→ **THE DATA**

● ● ●

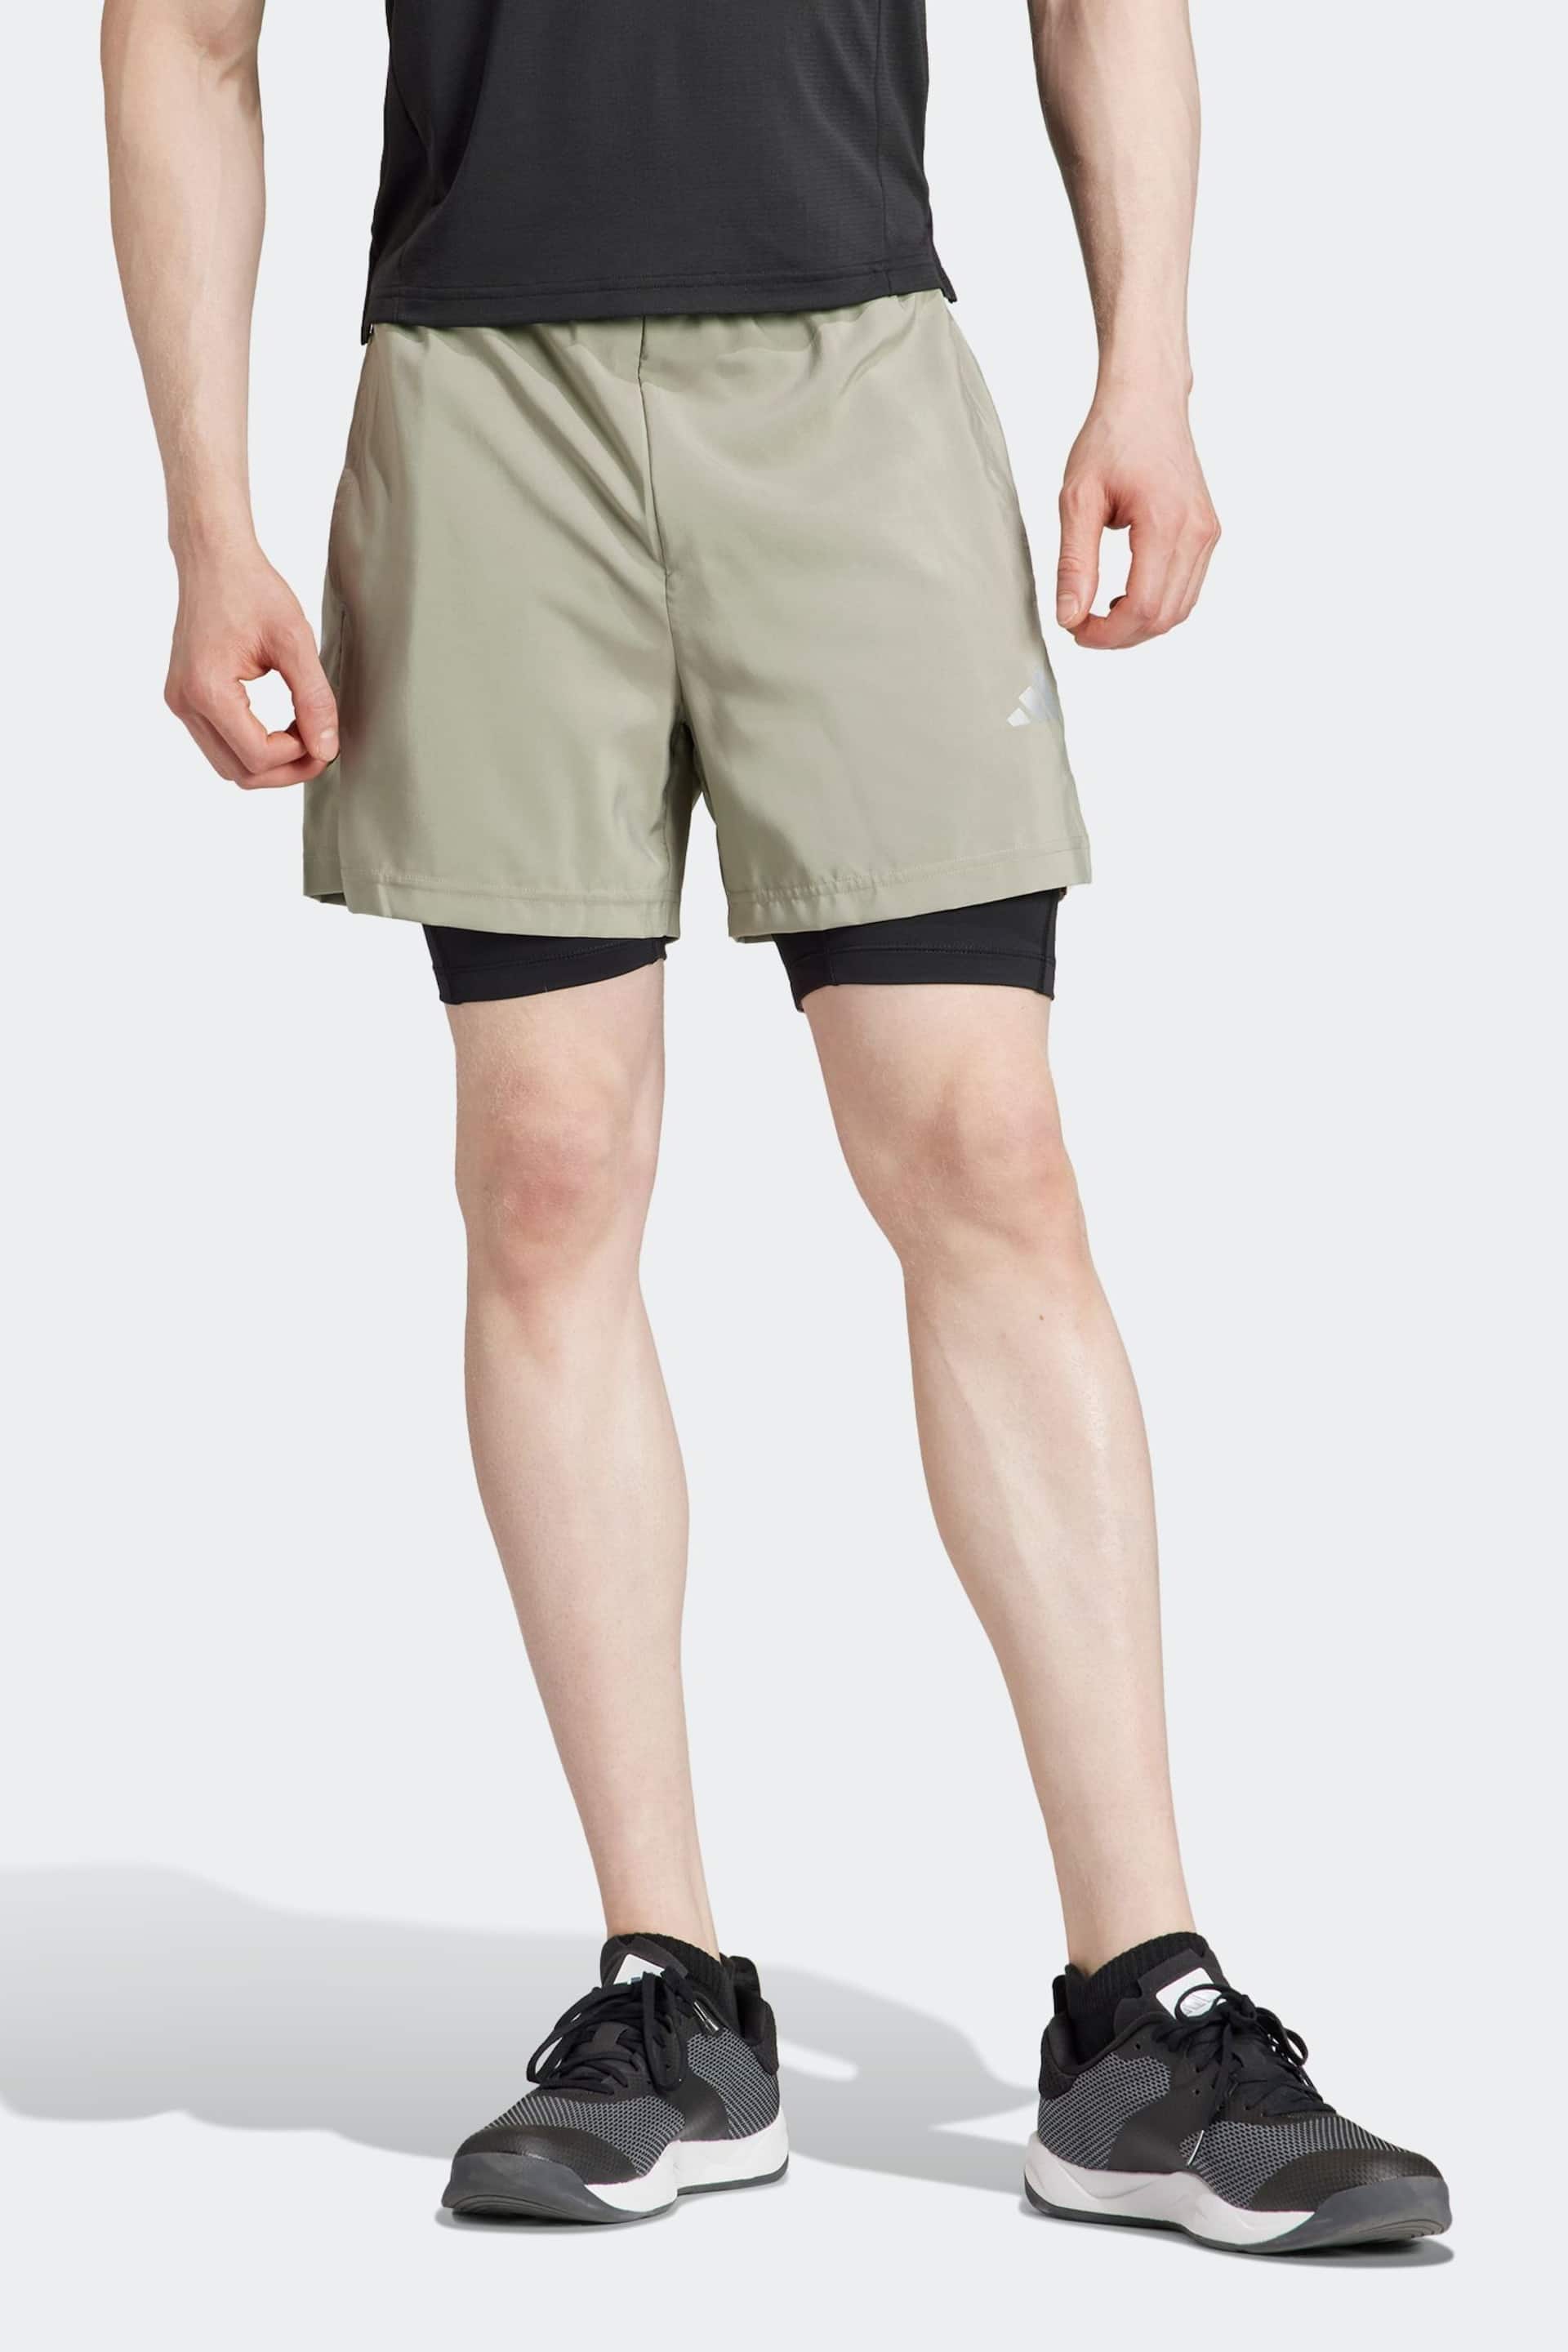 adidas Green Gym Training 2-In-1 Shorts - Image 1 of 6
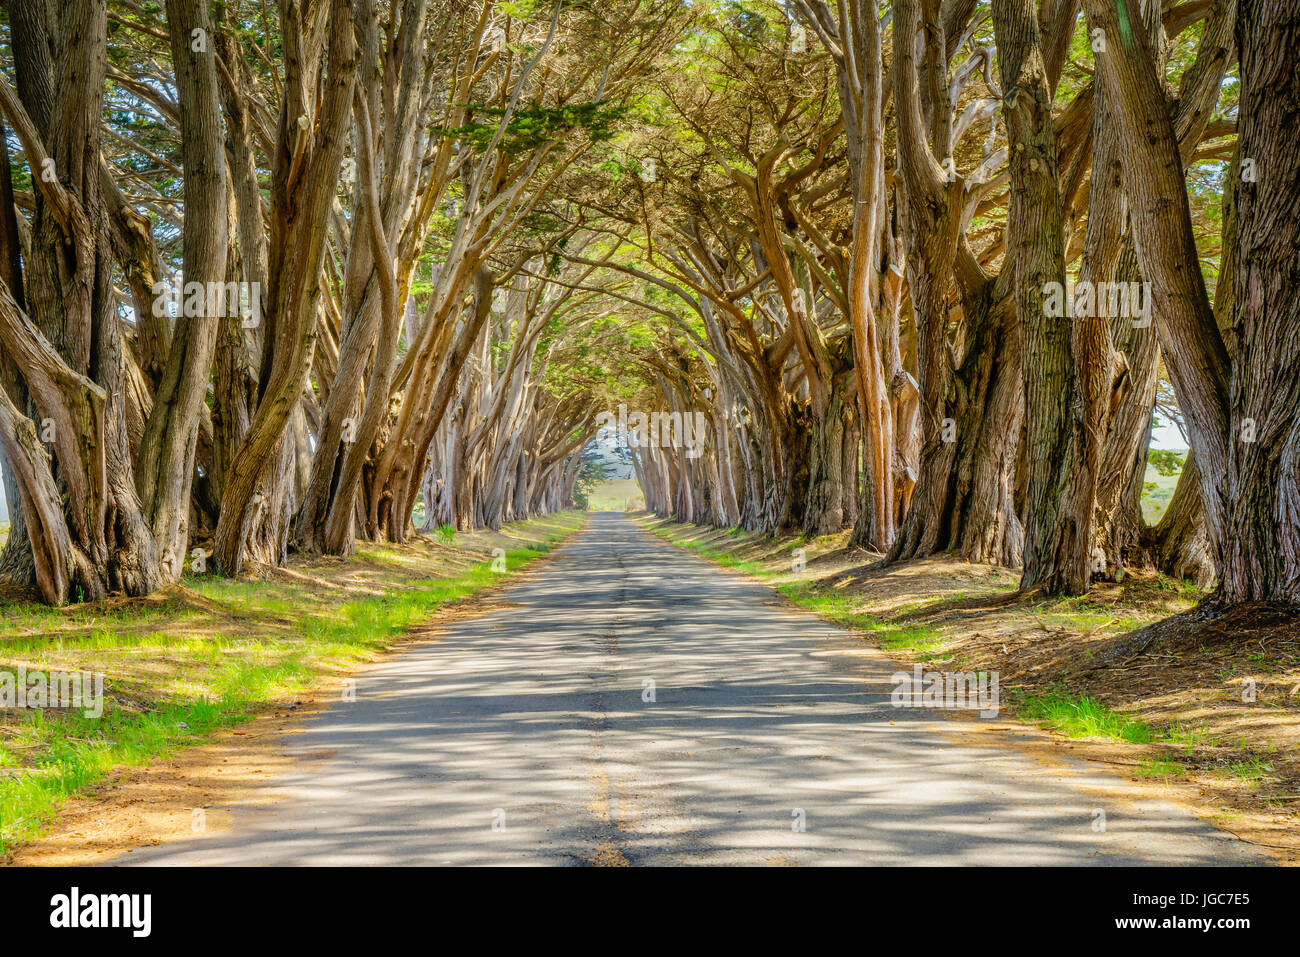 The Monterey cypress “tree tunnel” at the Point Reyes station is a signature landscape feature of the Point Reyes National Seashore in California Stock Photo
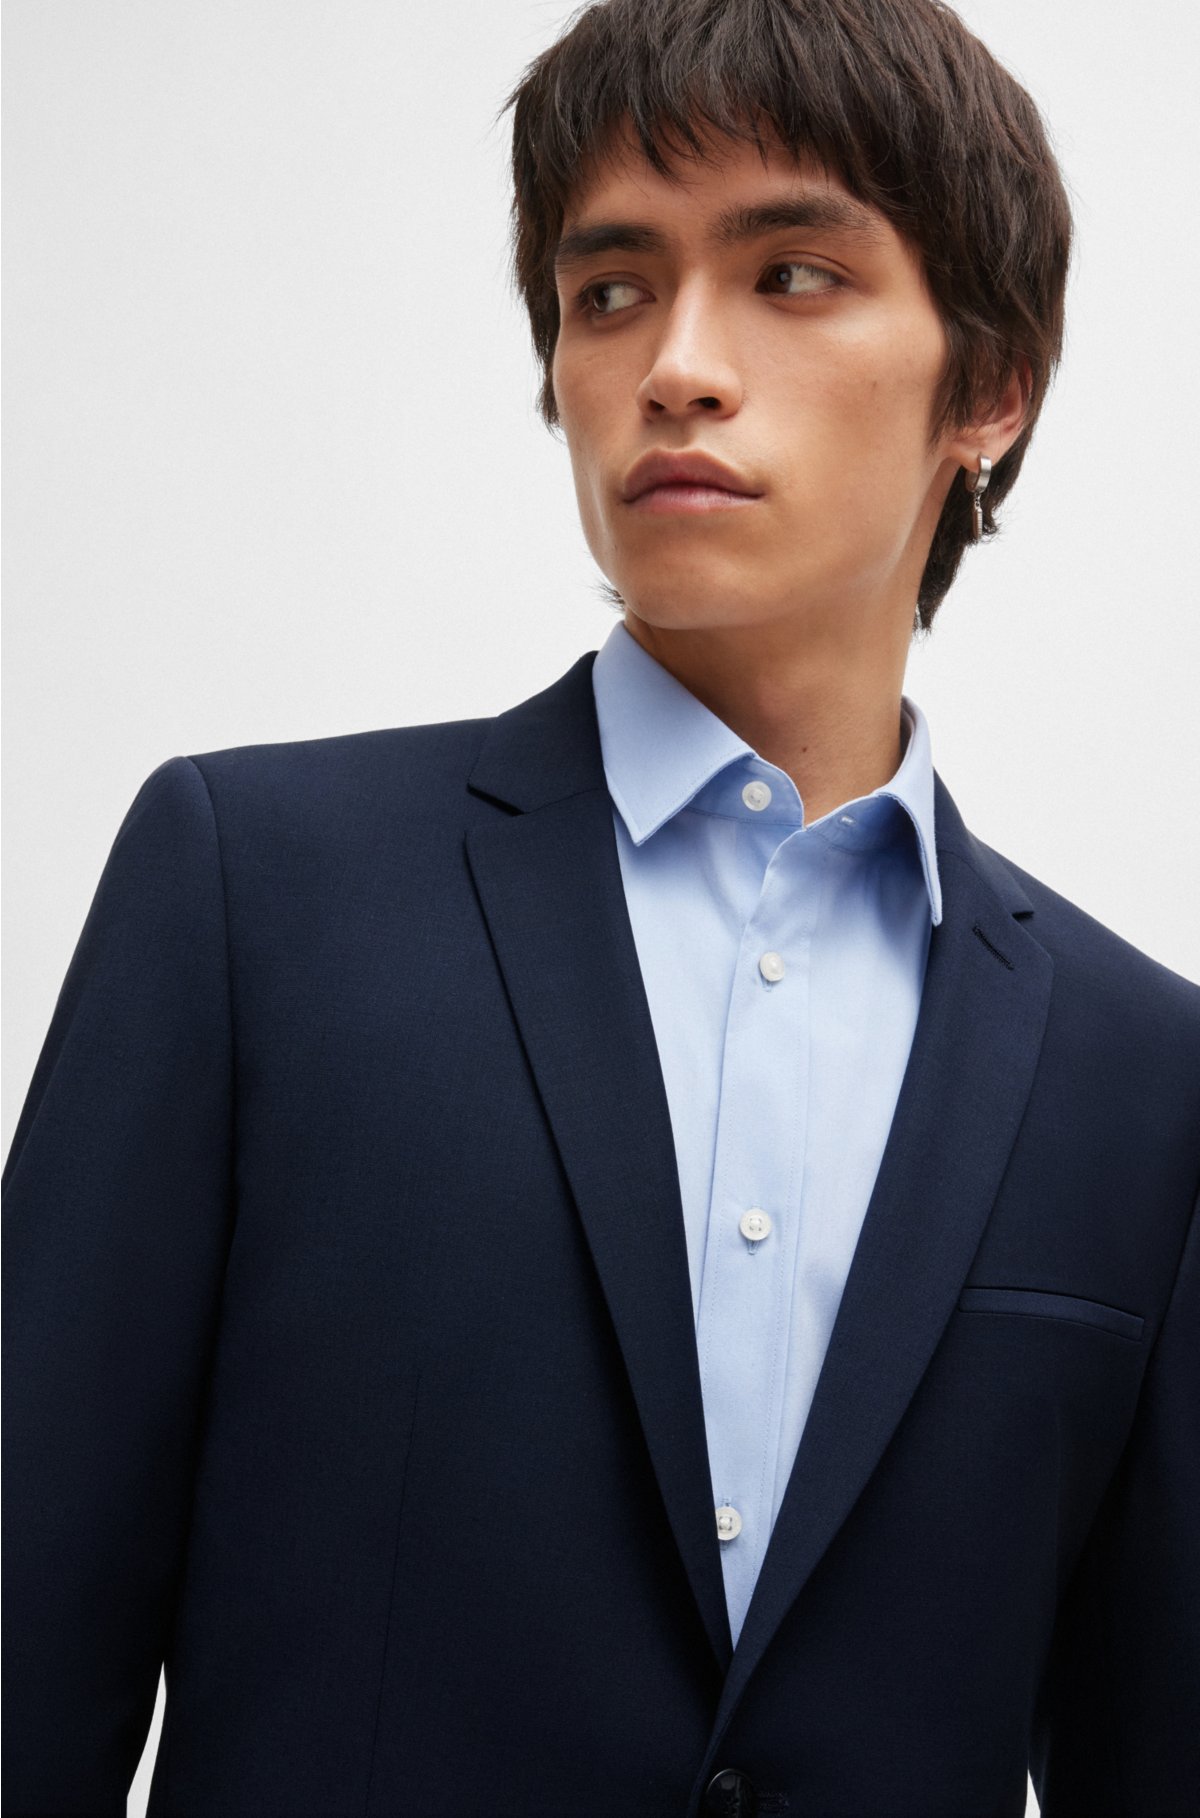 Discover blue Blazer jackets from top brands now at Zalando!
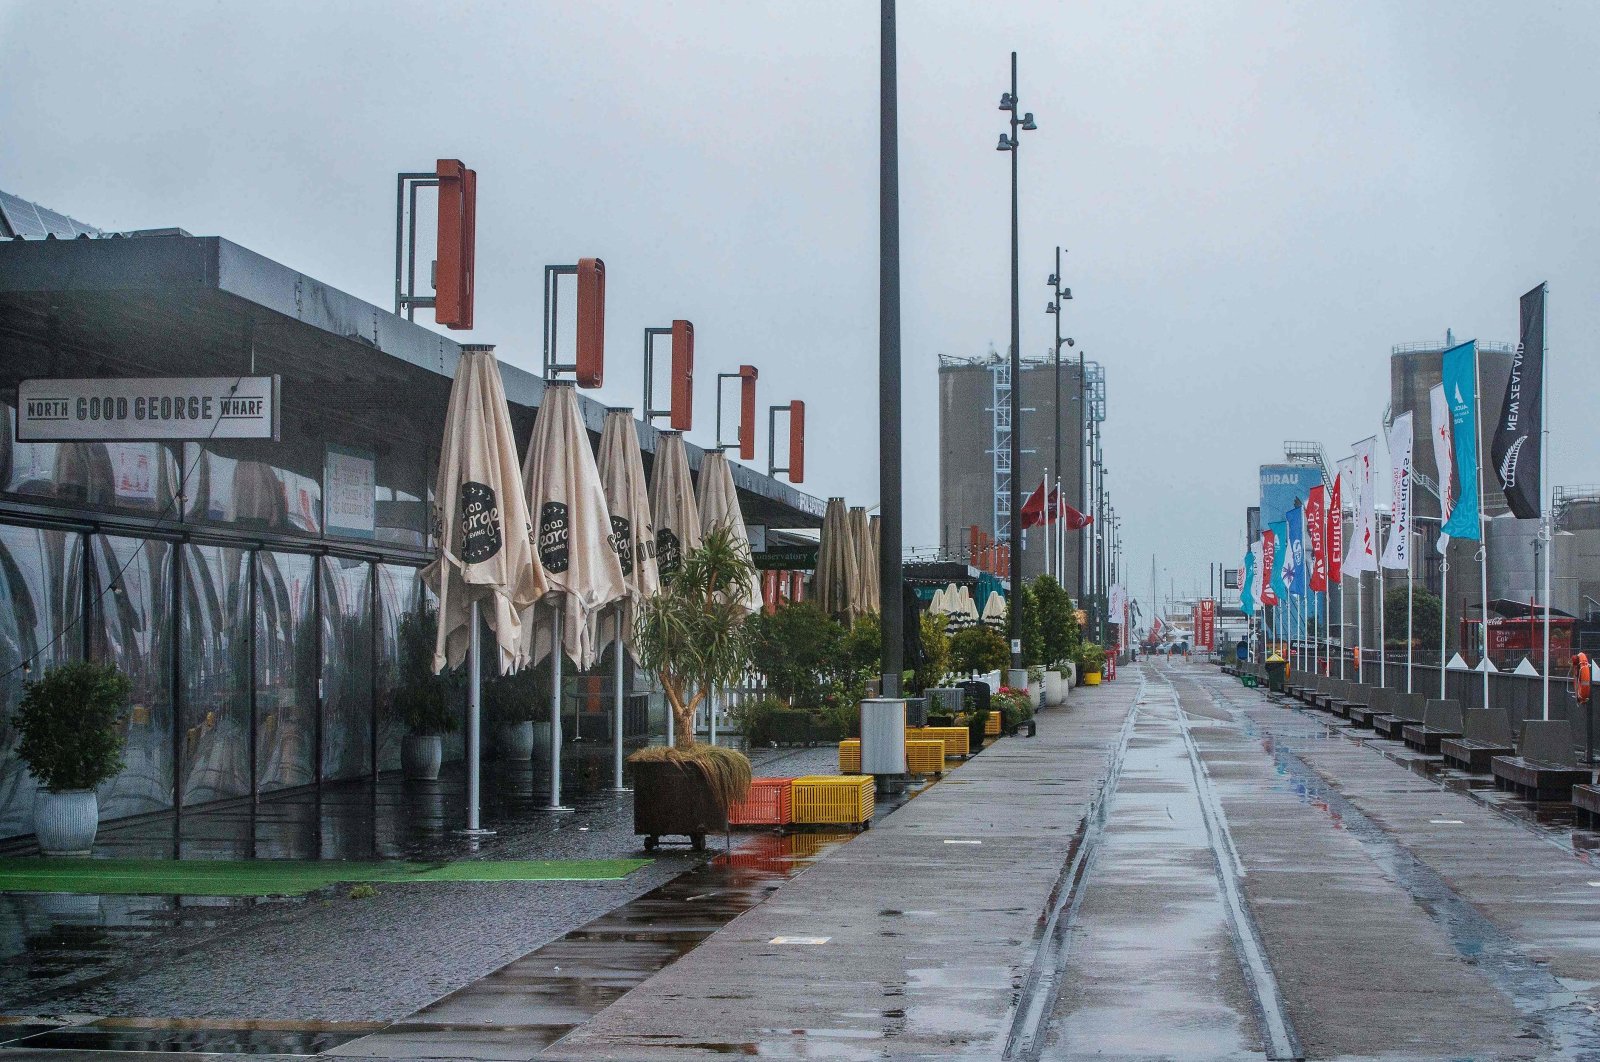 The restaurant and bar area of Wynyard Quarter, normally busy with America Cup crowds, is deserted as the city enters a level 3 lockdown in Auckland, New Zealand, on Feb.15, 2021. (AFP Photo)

● ● ●

Please write out every line of the listing above exactly, and leave the images behind.

→ **SOLUTION BELOW**
 adidas Green Gym Training 2-In-1 Shorts - Image 1 of 6
 The Monterey cypress “tree tunnel” at the Point Reyes station is a signature landscape feature of the Point Reyes National Seashore in California Stock Photo
 Discover blue Blazer jackets from top brands now at Zalando!
 The restaurant and bar area of Wynyard Quarter, normally busy with America Cup crowds, is deserted as the city enters a level 3 lockdown in Auckland, New Zealand, on Feb.15, 2021. (AFP Photo)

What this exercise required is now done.